Les lettres de Pline le jeune, toutes intéressantes, quelques-unes de haute importance, font ressortir sa bienveillance intelligente et raisonnée pour les Chrétiens, qui lui étaient cependant une grave cause d’ennuis, contre lesquels il dut sévir, par obligation légale. La fausse modestie dont il se pare, en cette correspondance préméditée, n’est qu’une naïveté bien vite corrigée d’un aveu sincère. Il croit qu’il succède à Cicéron, et il le dit : Vous me voyez marcher avec joie dans la carrière des honneurs sur les traces d’un homme que je voudrais suivre dans celle des sciences... Et plût au ciel qu’après être parvenu beaucoup plus jeune que lui au consulat, je pusse...

D’une honnêteté ferme, et qui aimait à se montrer, d’une vanité généreuse, optimiste, Pline se préoccupait du jugement public : Le concours et le nombre, écrit-il, forment je ne sais quel avis universel... et le goût, qui peut être médiocre en chacun en particulier, se trouve exquis dans tout le monde ensemble. Ouvertement fier de l’amitié de Tacite, peu religieux, indulgent jusqu’à la neutralité morale parfois, doux aux affranchis et aux esclaves, d’une philosophie sommaire, faite surtout de prudence et de bon sens, si quelques écarts de sa vanité native, de son outrecuidance avouée, le conduisent au ridicule, ce ridicule s’épure de franchise, s’ennoblit de bravoure ; s’il étale complaisamment sa vertu, du moins peut-on dire qu’il fut sincèrement vertueux. Il reste de lui cette définition : Le plus honnête homme, le plus parfait, selon moi, c’est celui qui pardonne avec autant de bonté que si chaque jour il tombait dans quelques fautes, et qui les évite avec autant de soin que s’il ne pardonnait à personne.
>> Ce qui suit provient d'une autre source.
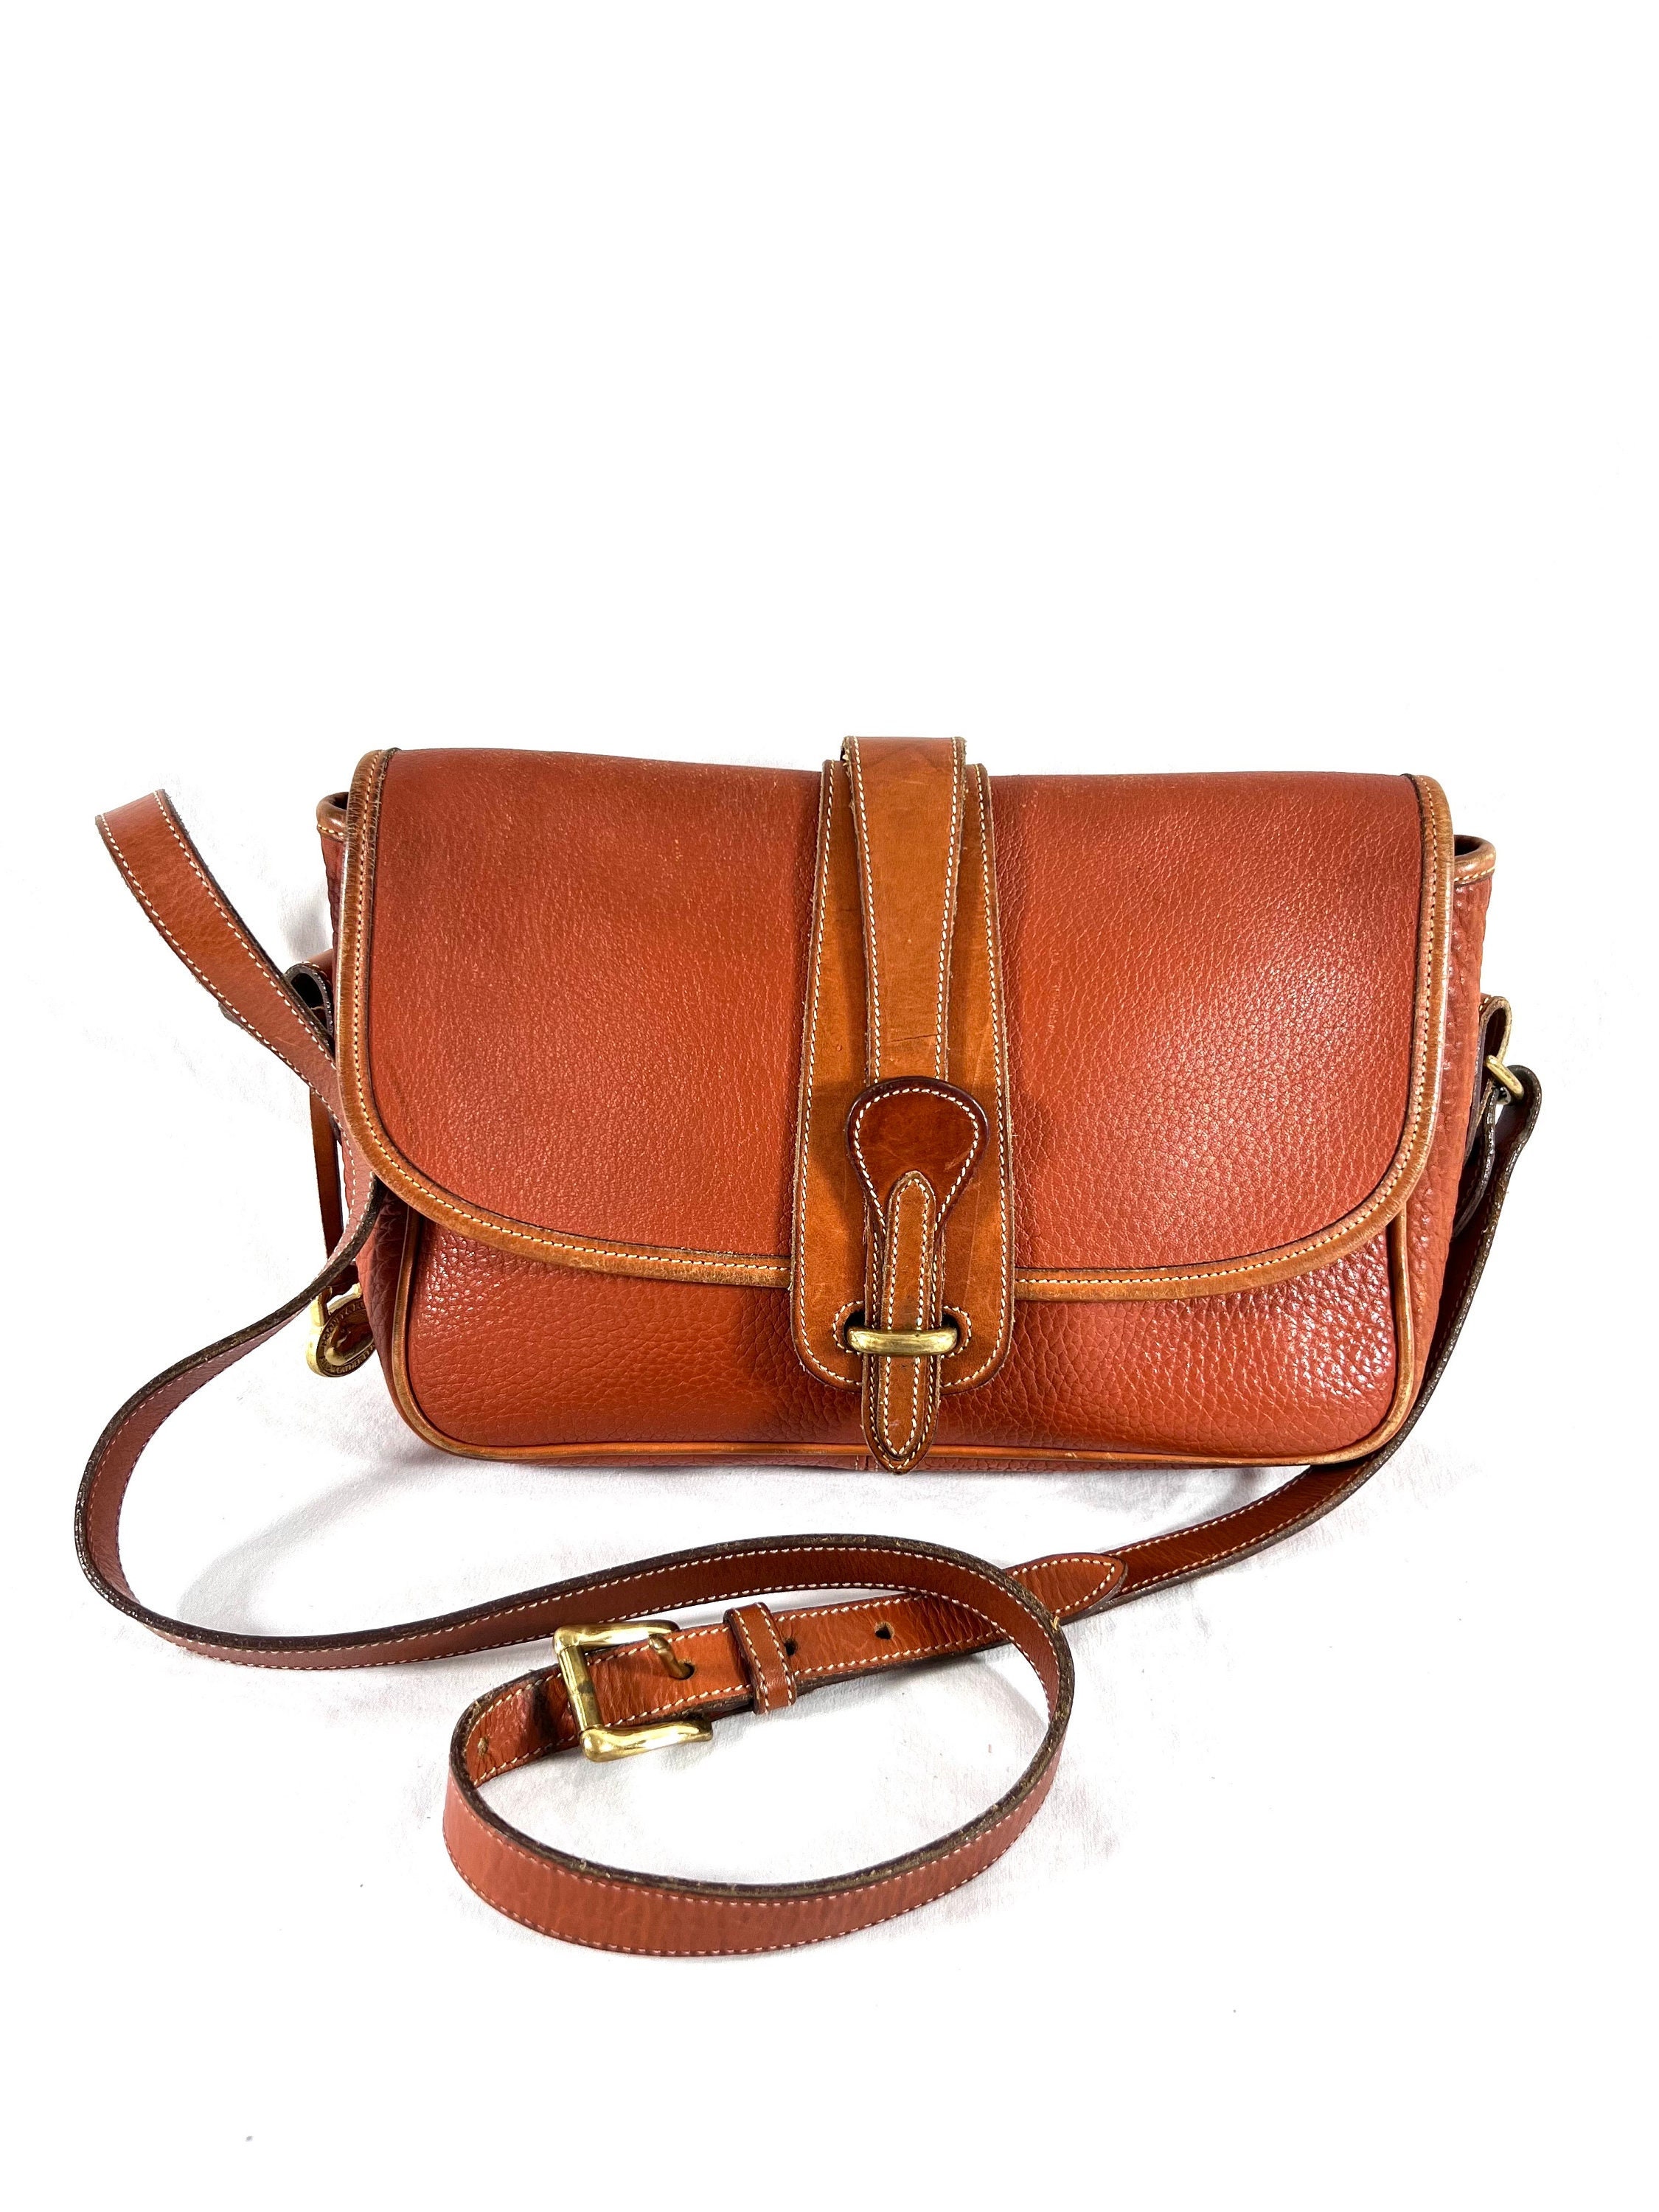 Vintage Dooney and Bourke, red pebble, leather satchel, style handbag

A Pline le Jeune Rome préférait Juvénal, la satire italienne, — tout à fait nôtre, dira Quintilien, — mieux comprise, avec moins d’effort, que les humanités des écrivains penseurs. Apparu sous Domitien, le fougueux satirique des Abruzzes se tut un instant, pour écrire encore lorsque Trajan régna, se taire de nouveau, et de nouveau écrire, après un silence de quarante années, sous Adrien. Il revint avec les plus virulentes de ses ouvres. Adrien l’expulsa par relégation et Juvénal mourut de douleur, dit-on.

Sans qu’il soit possible d’atteindre au vrai de toutes les intentions du satirique, son énergie, sa véhémence, son réalisme insolent et sa chaude brutalité entraînent le lecteur, qui ne se lasse ni de ses déclamations extravagantes ni de ses impatientantes obscurités. Il fut un peu, en ceci, le Tacite de la satire, son imagination lui dictant sans doute plus de traits, pour ses tableaux d’un dessin si cru, que la notation de faits observés. Il est curieux que ce vengeur impitoyable se soit attaqué surtout aux morts. Très poète, ses invectives ont du lyrisme, mais ses apostrophes sont amenées selon les lois rigides d’un calcul ; on sent, à le lire avec soin, qu’il se possède complètement malgré l’apparente impétuosité de sa passion, qu’il a chiffré d’avance sa marche, pour arriver sûrement au but qu’il s’est assigné ; de là ce peu de flamme communiquée au lecteur.

Qu’il montre Messaline se vendant aux portefaix de Rome ou qu’il brise la statue de Séjan, cette insulte et cette violence ne provoquent ni l’horreur ni l’indignation ; la littérature du satirique seule intéresse, l’unique sentiment qu’on éprouve est celui d’une admiration pour l’écrivain. Ce réformateur audacieux, ce terrible et fier Romain, n’est qu’un pusillanime dont le rêve ne se formule pas et qui refuse son conseil. Il dit : Nous subissons les maux d’une longue paix ; plus formidable que le glaive, la luxure a fondu sur nous et venge l’univers asservi ; puis, aussitôt, il se résigne : Crois-moi, laisse aux dieux le soin d’apprécier ce qui nous convient, ce qui nous peut être utile. Nous demandons ce qui plaît, ils donneront ce qu’il faut... Et, comme Horace, s’écartant du devoir : Vis ami du hoyau... C’est quelque chose, en quelque lieu, en quelque coin que ce soit, de s’être fait le possesseur ne fût-ce que d’un lézard. Rome peut disparaître, puisque la satire dont Rome était le sujet est écrite.